The challenge with many controlled terminology versions (and SDTM models) and identifying where it impacts the BC, forms etc. is done by a query in the MDR and displaying it to the user, see Figure 7
The top of the Figure shows the meta definitions (e.g. BC, Forms and domains) that are impacted, and the bottom part displays which terminology it related to. The detailed changes are displayed by pressing the Changes button. The relevant part of the MDR that is affected is visualised to the right.
The standards curator will then know what BCs to update and those in charge of the forms can update those to align with the new terminology.

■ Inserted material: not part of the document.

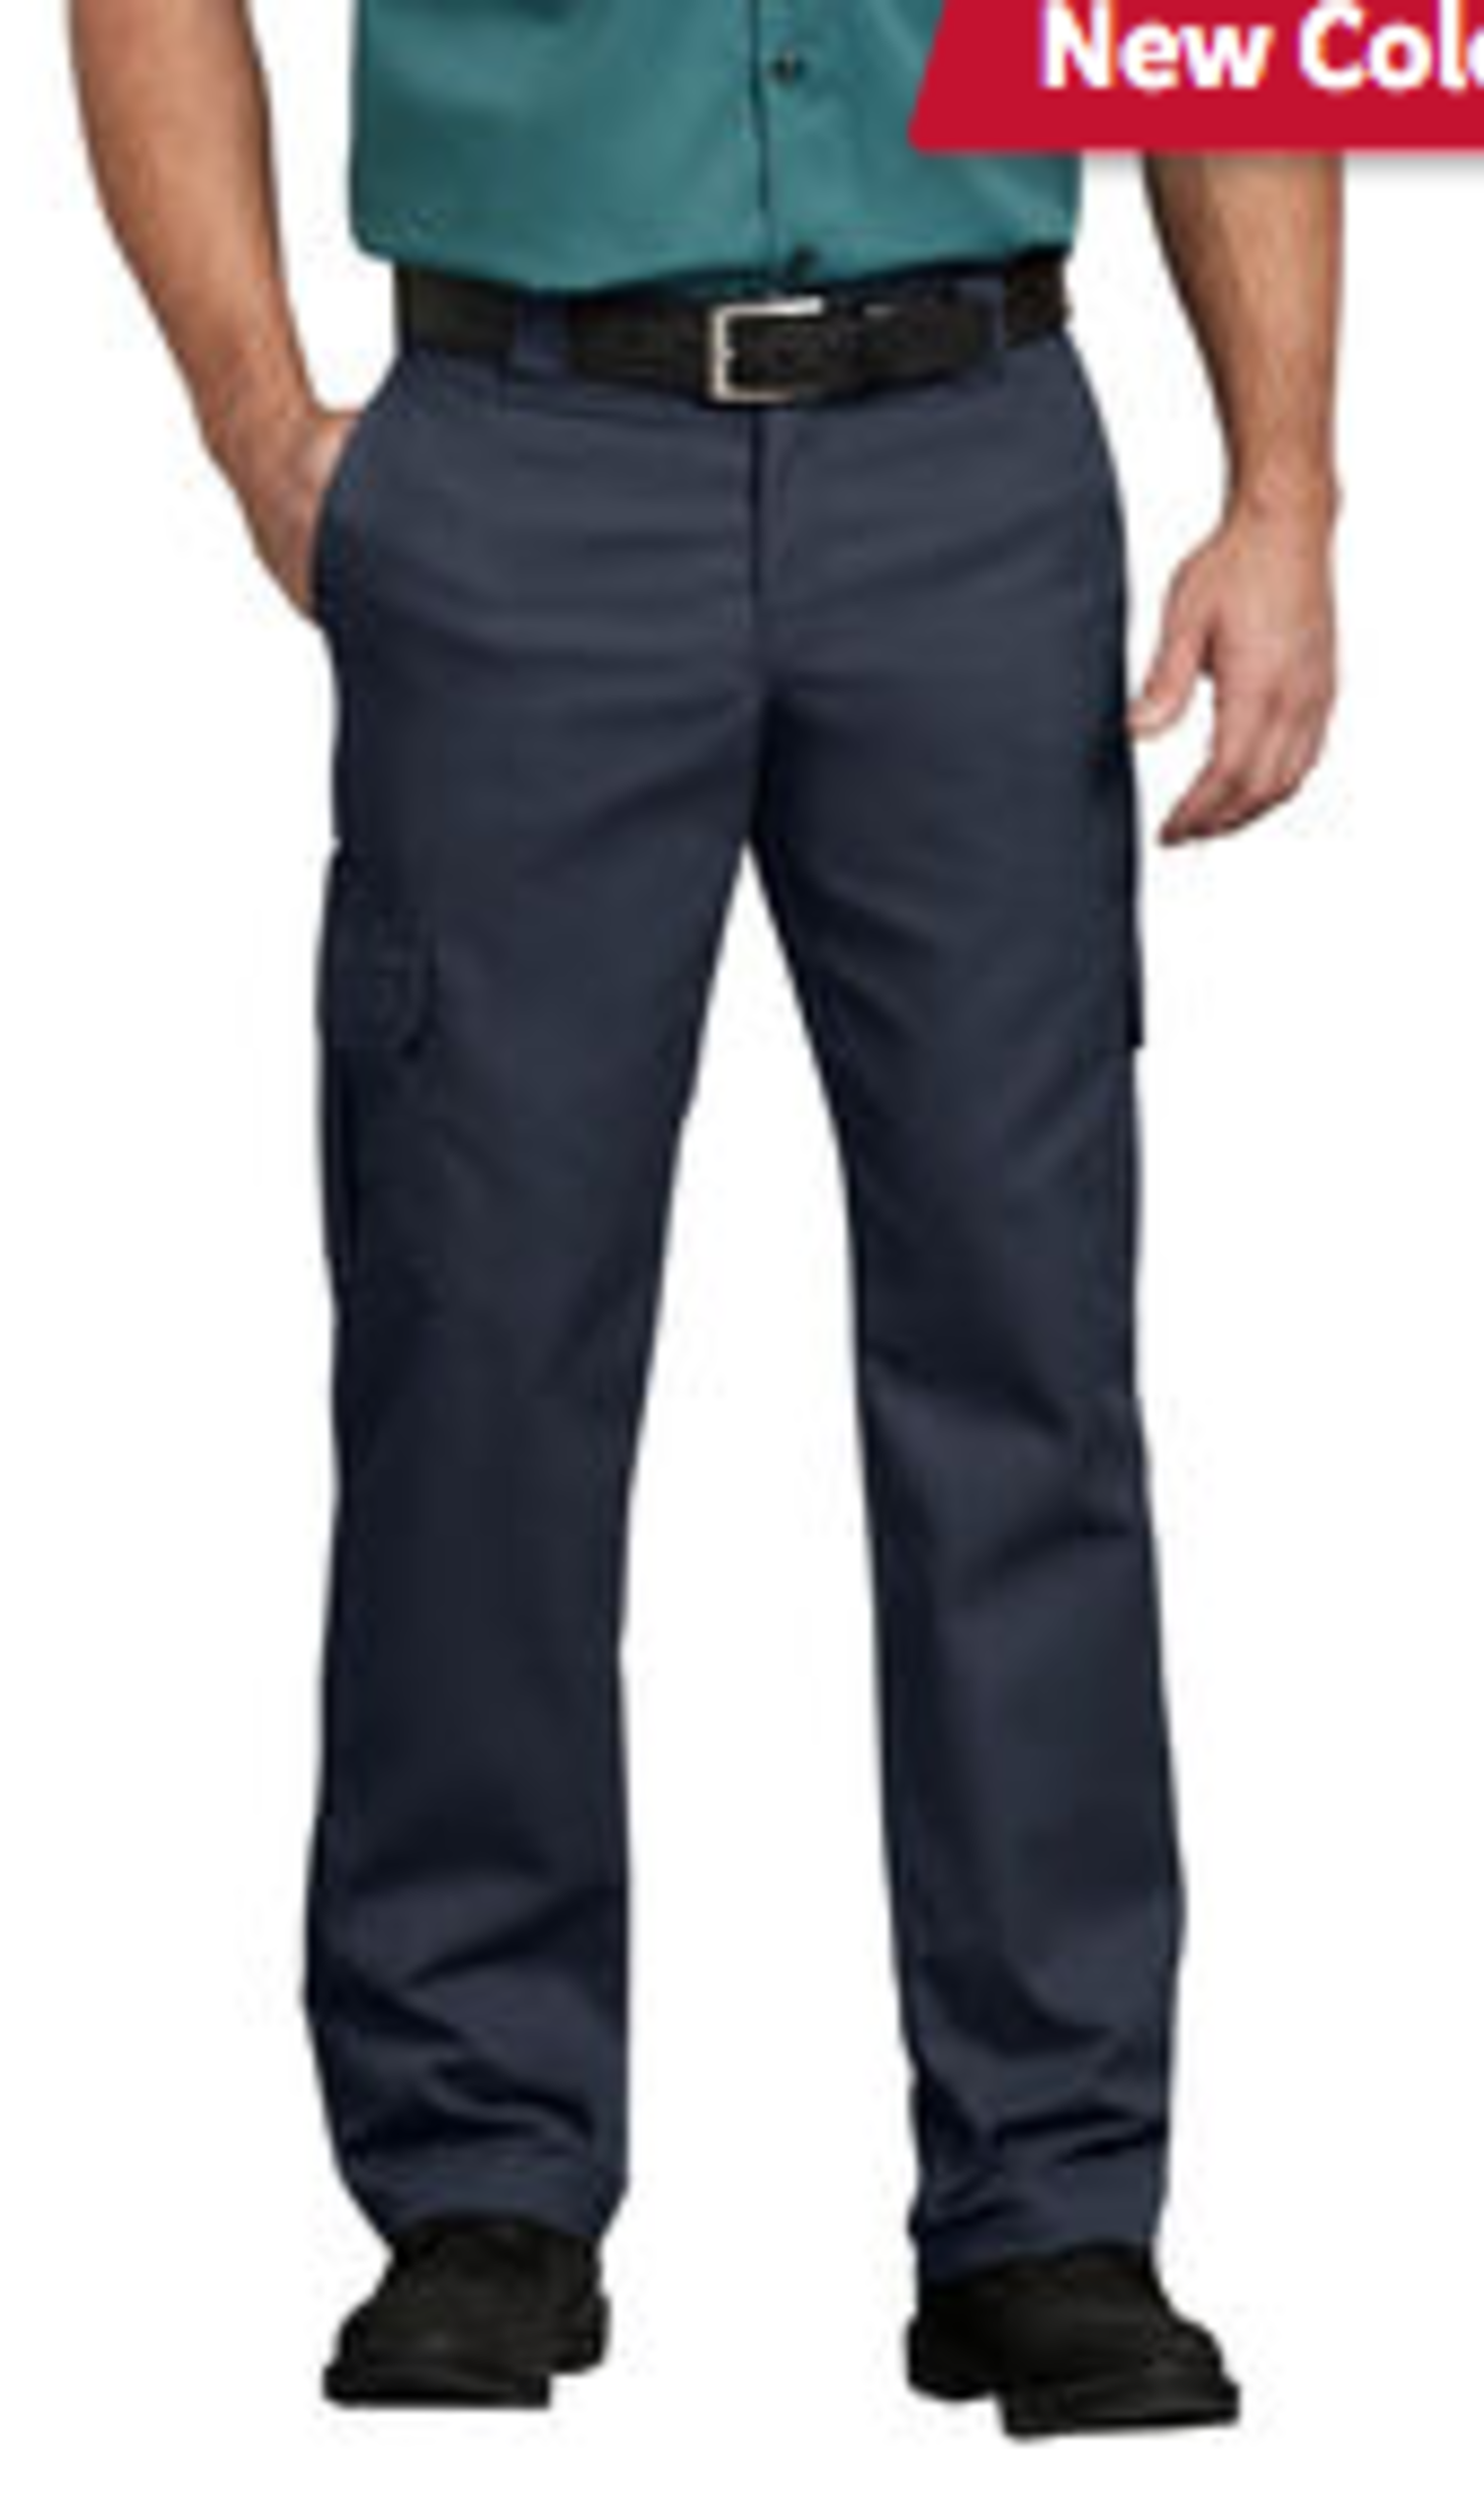 NWT Dickies Relaxed Fit Flex Cargo Pants Mens Size 44 X 32 Blue T7 | eBay
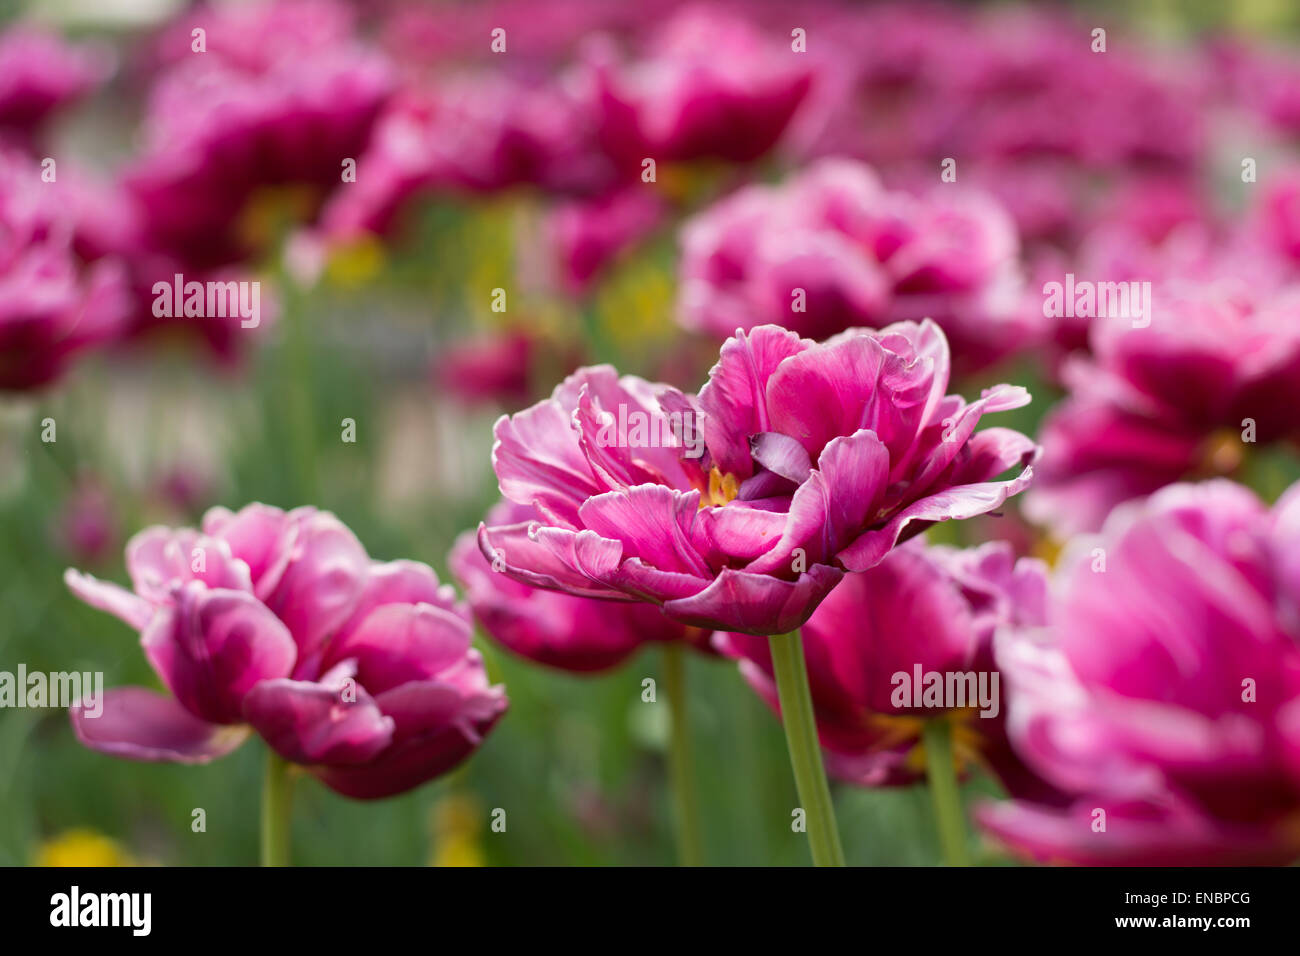 Lots of rose tulips blooming in the grass Stock Photo

Populating the collection of Biomedical Concepts in the MDR to reflect all things an organisation will examine in all their studies will take some effort. But once in place it can be re-used and ensure consistency and adherence to CDISC standards. If BCs are used in the definition of SoA it will ensure use of CDISC standard from the beginning of the study data collection process with the end-product in mind being the SDTM data. In addition, the creation of CRFs will allow for more flexibility without compromising CDISC standardisation.